• **Provided data**:

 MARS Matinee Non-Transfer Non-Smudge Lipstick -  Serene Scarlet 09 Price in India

* * *

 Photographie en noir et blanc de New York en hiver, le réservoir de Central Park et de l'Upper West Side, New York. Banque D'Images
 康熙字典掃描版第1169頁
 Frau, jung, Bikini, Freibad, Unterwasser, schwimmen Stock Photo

• **Your task**:
In the listing above, transcribe exactly everything from the line containing "Photographie en noir" down to the line containing "Frau, jung, Bikini, Freibad, Unterwasser, schwimmen", including both and nothing more.

• **Result for this exercise**:
 Photographie en noir et blanc de New York en hiver, le réservoir de Central Park et de l'Upper West Side, New York. Banque D'Images
 康熙字典掃描版第1169頁
 Frau, jung, Bikini, Freibad, Unterwasser, schwimmen Stock Photo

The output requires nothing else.